#### Exercise prompt:
What are the lines, word for word, from the line with "Vloerlamp Matilda, Lampenkap: geborsteld" up to and including the line with "Sandro \N Black Cotton skirt for Women 6 UK" in the records below? Omit the pictures.

#### Data listing:
•••••
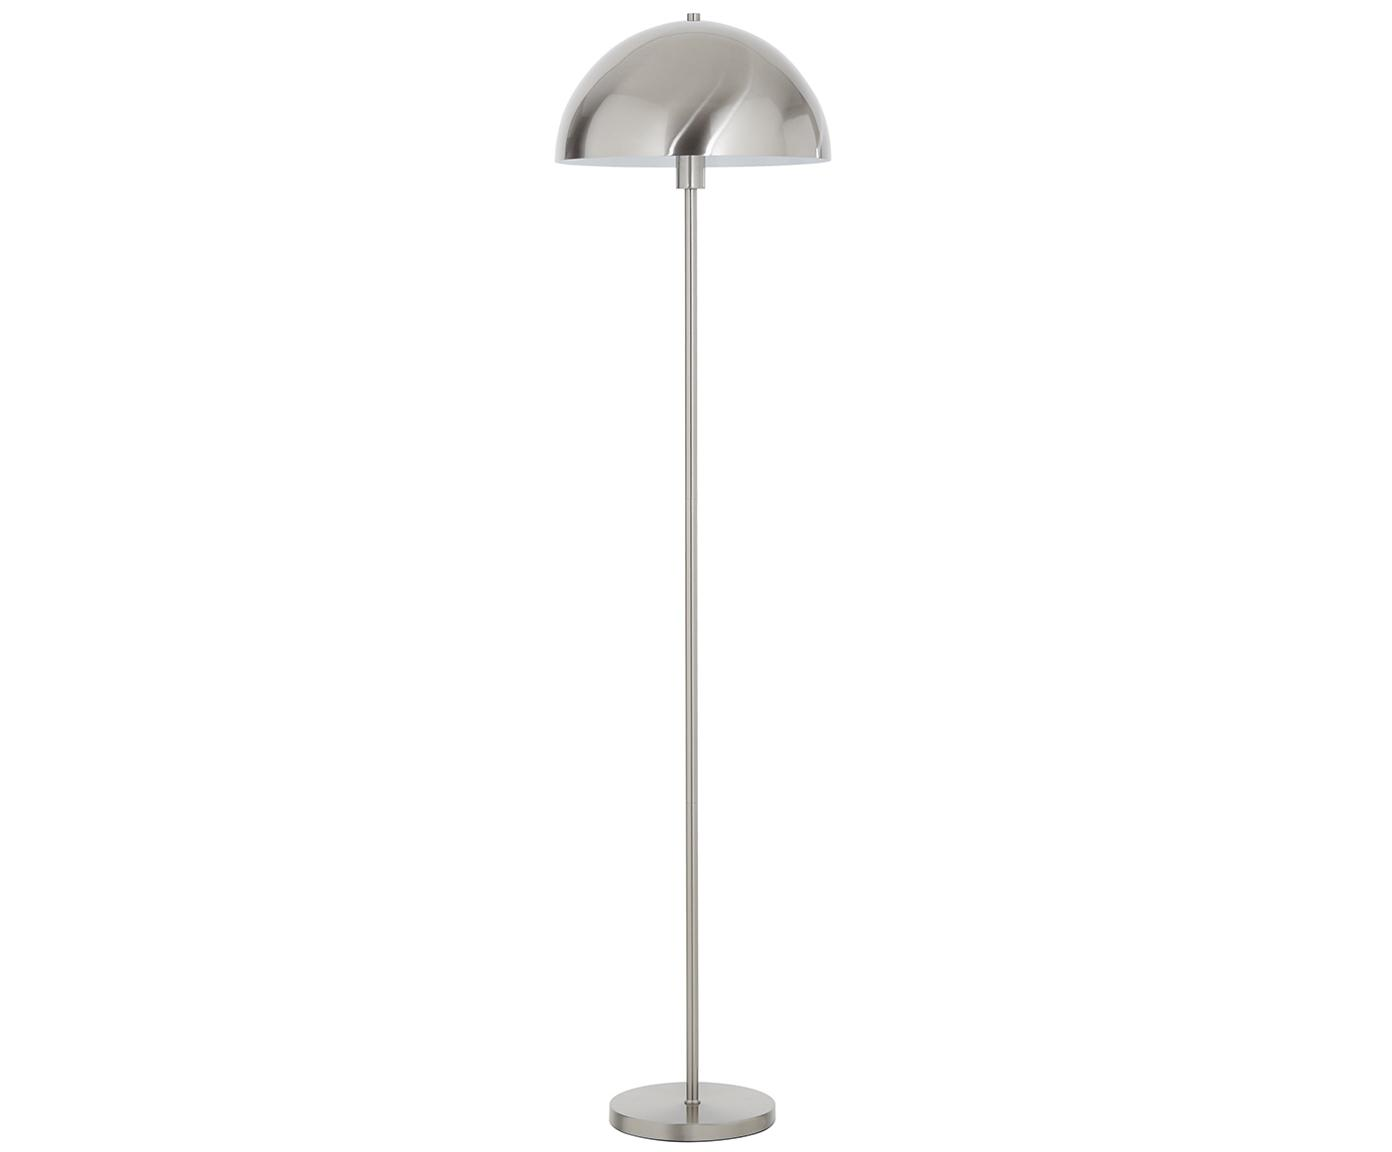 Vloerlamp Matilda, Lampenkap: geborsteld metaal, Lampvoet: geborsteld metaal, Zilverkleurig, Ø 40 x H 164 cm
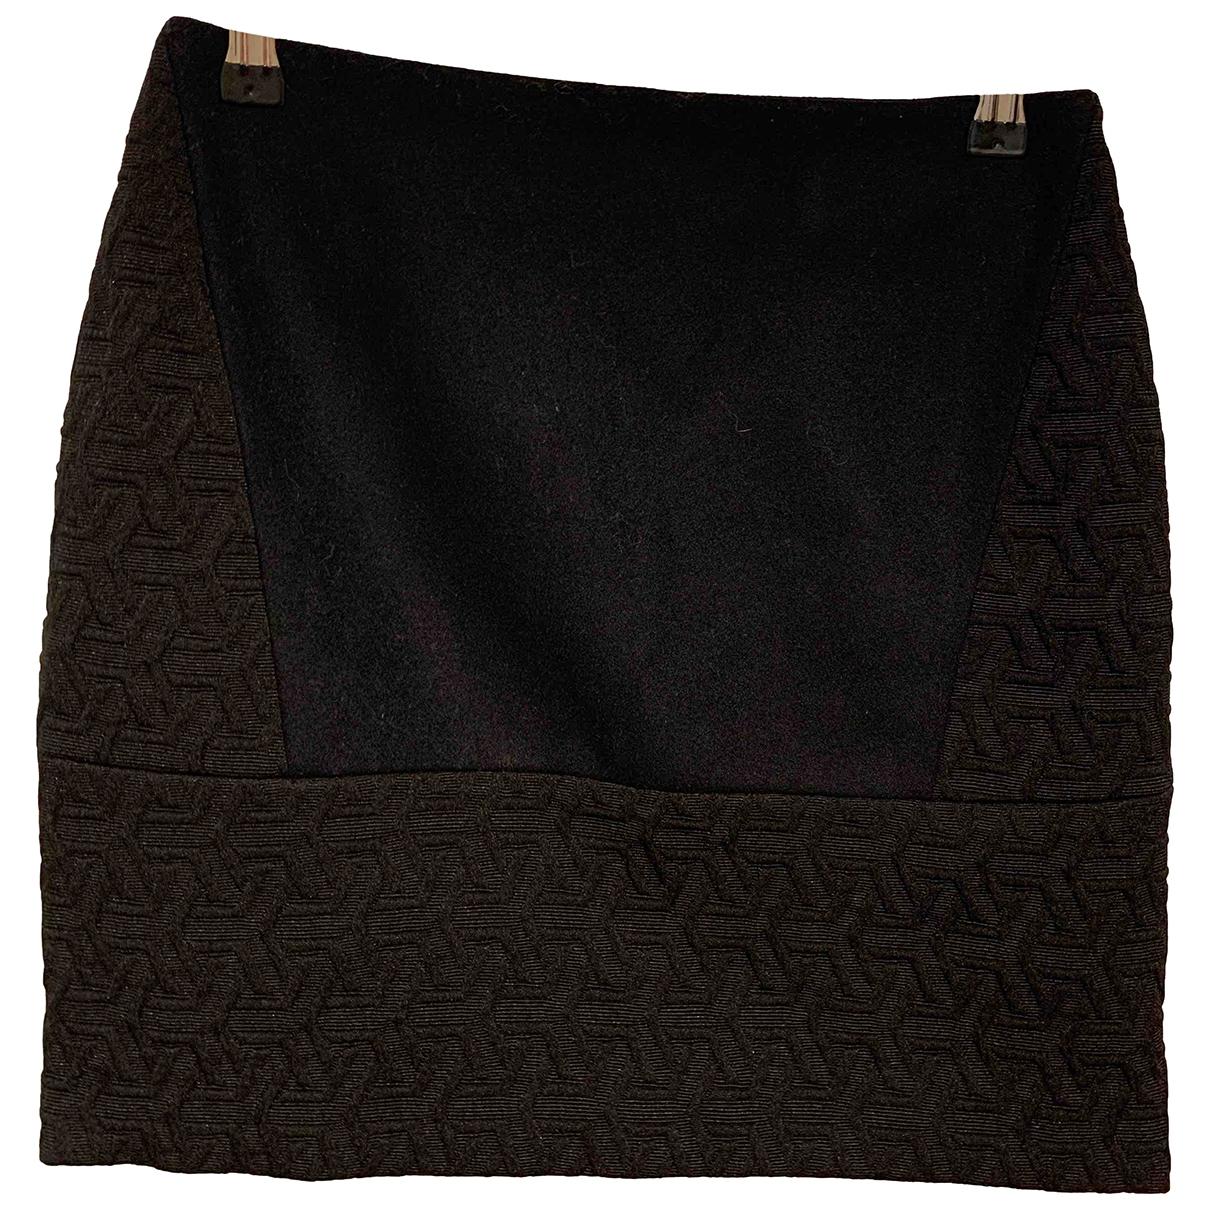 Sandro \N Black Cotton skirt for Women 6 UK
•••••
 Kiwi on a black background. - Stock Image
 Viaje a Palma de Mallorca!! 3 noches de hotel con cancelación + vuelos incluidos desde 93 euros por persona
•••••
#### Response for this exercise:
 Vloerlamp Matilda, Lampenkap: geborsteld metaal, Lampvoet: geborsteld metaal, Zilverkleurig, Ø 40 x H 164 cm
 Sandro \N Black Cotton skirt for Women 6 UK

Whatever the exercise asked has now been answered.